Photographs and stories in the Dayton Daily News archive have chronicled prized pigs, elephant ears and canned beans through the decades.
In 1860, plowing exhibitions, harness races and cattle, sheep and poultry drew crowds to the fair. A single ticket cost 25 cents, a horse and rider could enter for 35 cents, and for a dollar a family could spend three days.
Harness racing has been a longtime highlight of the fair. A black-and-white photograph from 1950 captures a pack of pacers led by an automobile around the dusty dirt track and framed by National Cash Register buildings that no longer stand.
The Dayton Daily News took note of the high number of entries in the 1962 fair. “Livestock, poultry, grain, vegetable and fruit entries are running very heavy,” the newspaper reported. “Over 850 chickens and pigeons have been entered.”

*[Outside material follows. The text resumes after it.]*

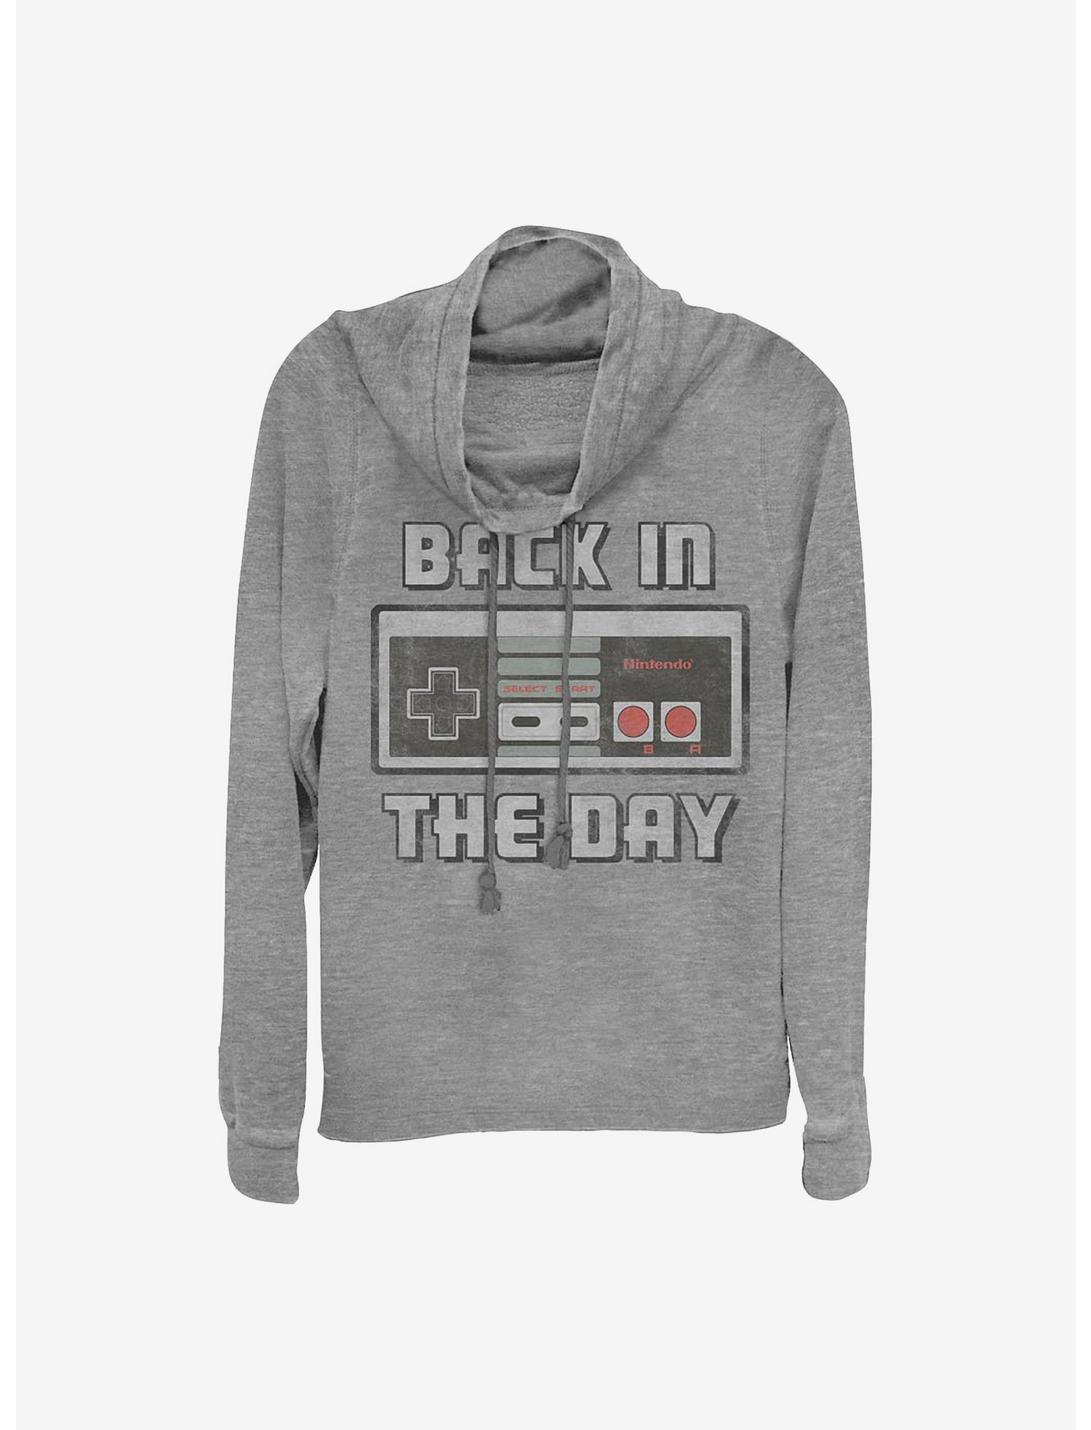 Nintendo Back In The Day Cowlneck Long-Sleeve Girls Top, GRAY HTR, hi-res
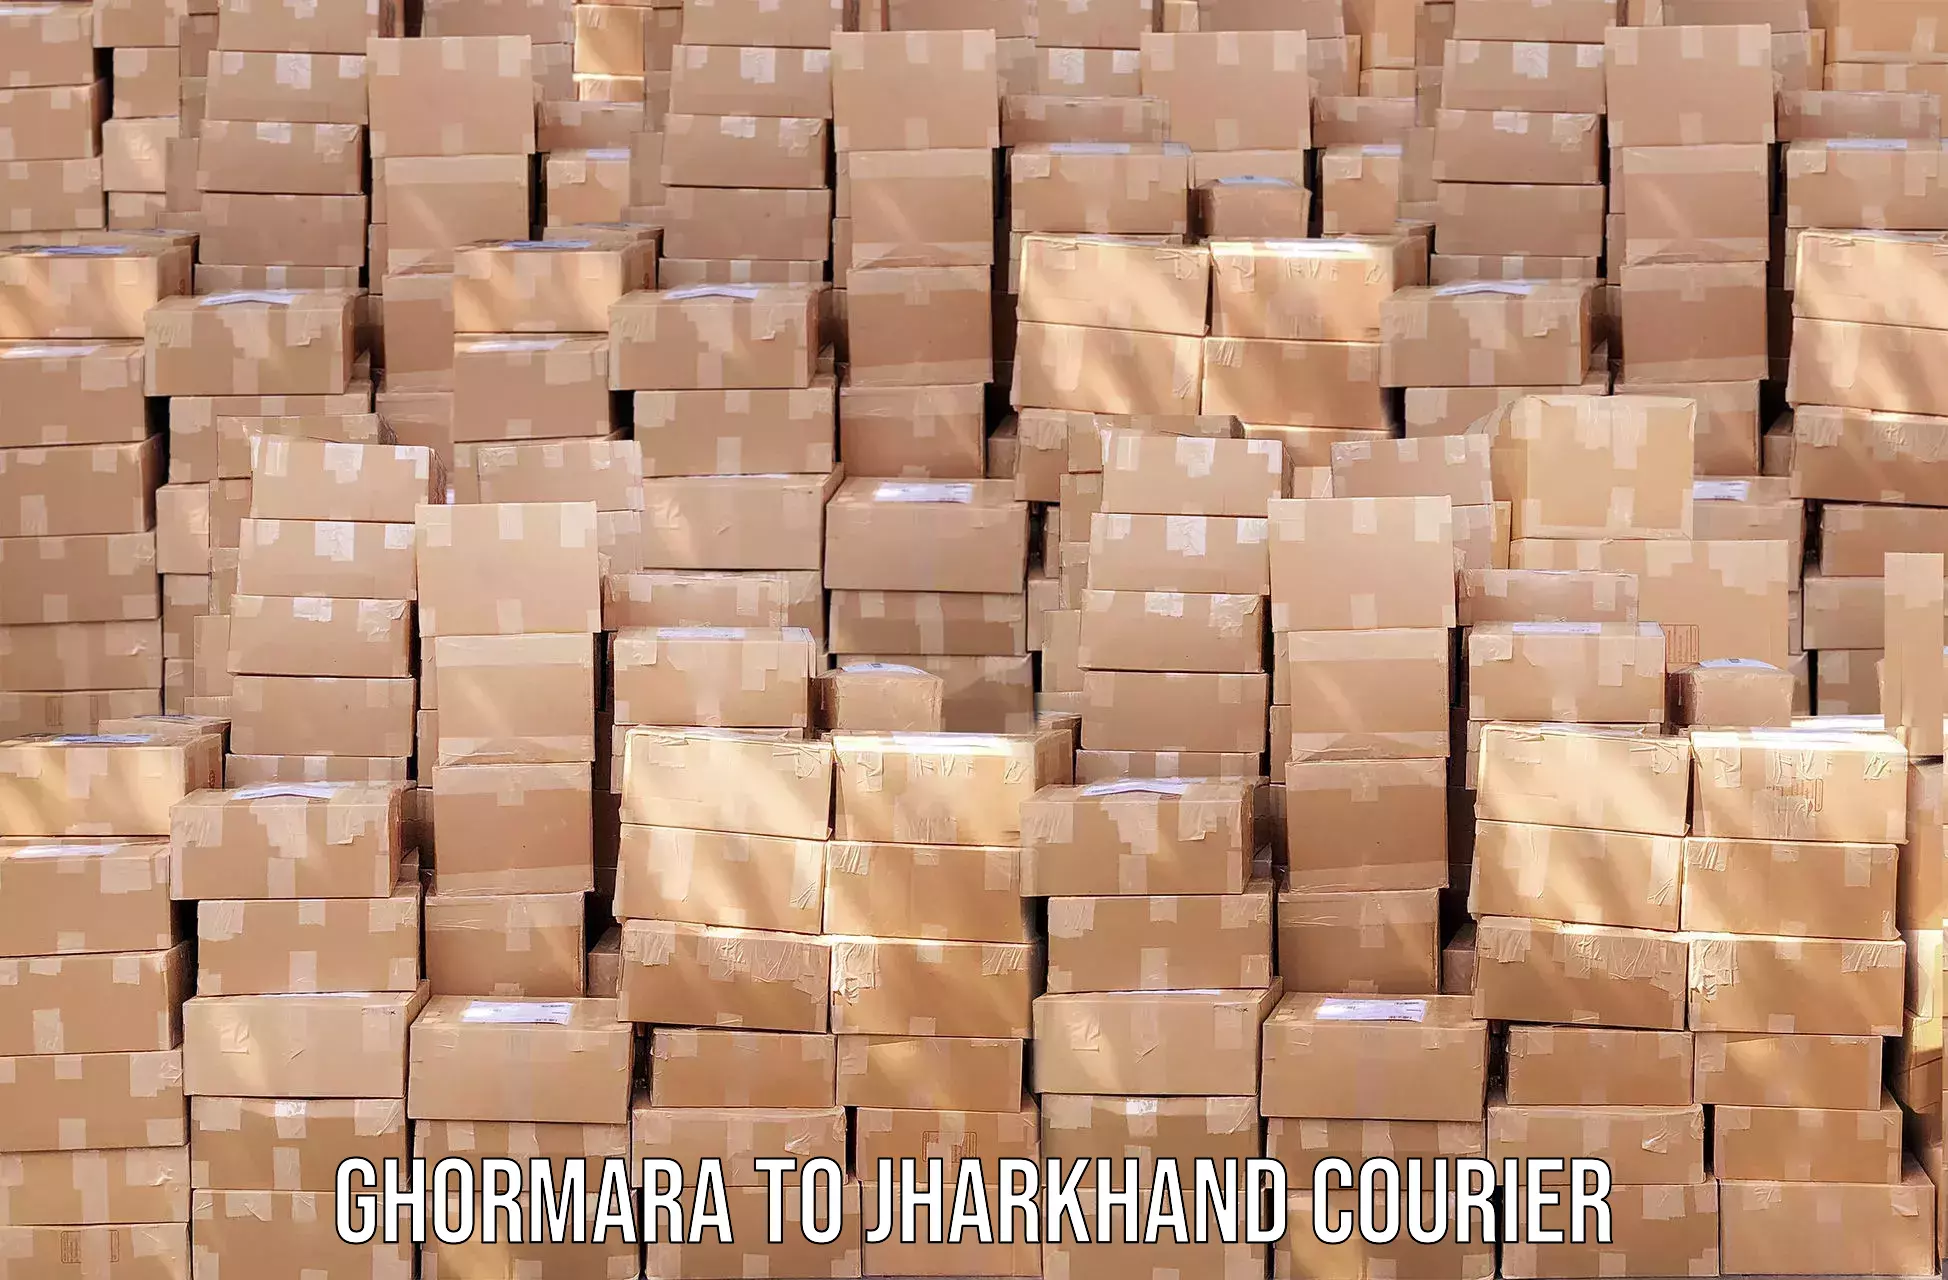 Courier service efficiency Ghormara to Latehar

Politics entered the frivolity of the fair in the midst of the Vietnam War in 1966. President Lyndon B. Johnson and his wife Lady Bird attended the exposition for a Labor Day rally.
Before making a speech, the president wrangled a trio of champion Herefords comparing them to Texas livestock.
“I think these are better, we don’t have so much good feed to give them,” he said.
Antioch College students held signs aloft urging the administration to “Please Stop the Killing” in Vietnam. Photographers captured sheriff’s deputies scuffling with demonstrators in front of the grandstand.
The fair has always lent itself to the quirky and capricious.
In fact, Bernard Wooley posed with a dahlia bloom as big as his head in 1976. Quacky the Clown — a master of twisting balloons into the shape of animals while dressed in yellow duck feet, long eyelashes and a top hat — was a hit with most kids.
As a long line of children formed for the free balloons, Quacky confided to a reporter: “My kids hate balloons. They were ‘carneys’ for a long time and I guess over the years they’ve seen one too many.”
A 1985 story featured Paul and Jean Grusenmeyer, their six children and multiple Guernsey cows who made a second home at the Montgomery County Fair for a quarter century.
“I feel like I grew up at the fair,” Sharon Grusenmeyer, one of the children, told a reporter, though she would not admit to having a favorite cow. “When you work with animals, you learn not to get too attached because, someday, they’re gonna have to go.”
No matter the decade, a little skill and a lot of luck have been needed to win a stuffed animal on the midway and thrill-seekers have clamored for paper tickets that admit one on the Tilt-A-Whirl.
In 2018, the fair began a new tradition at its new home, the 150-acre Judge Arthur O. Fisher Park in Jefferson Twp.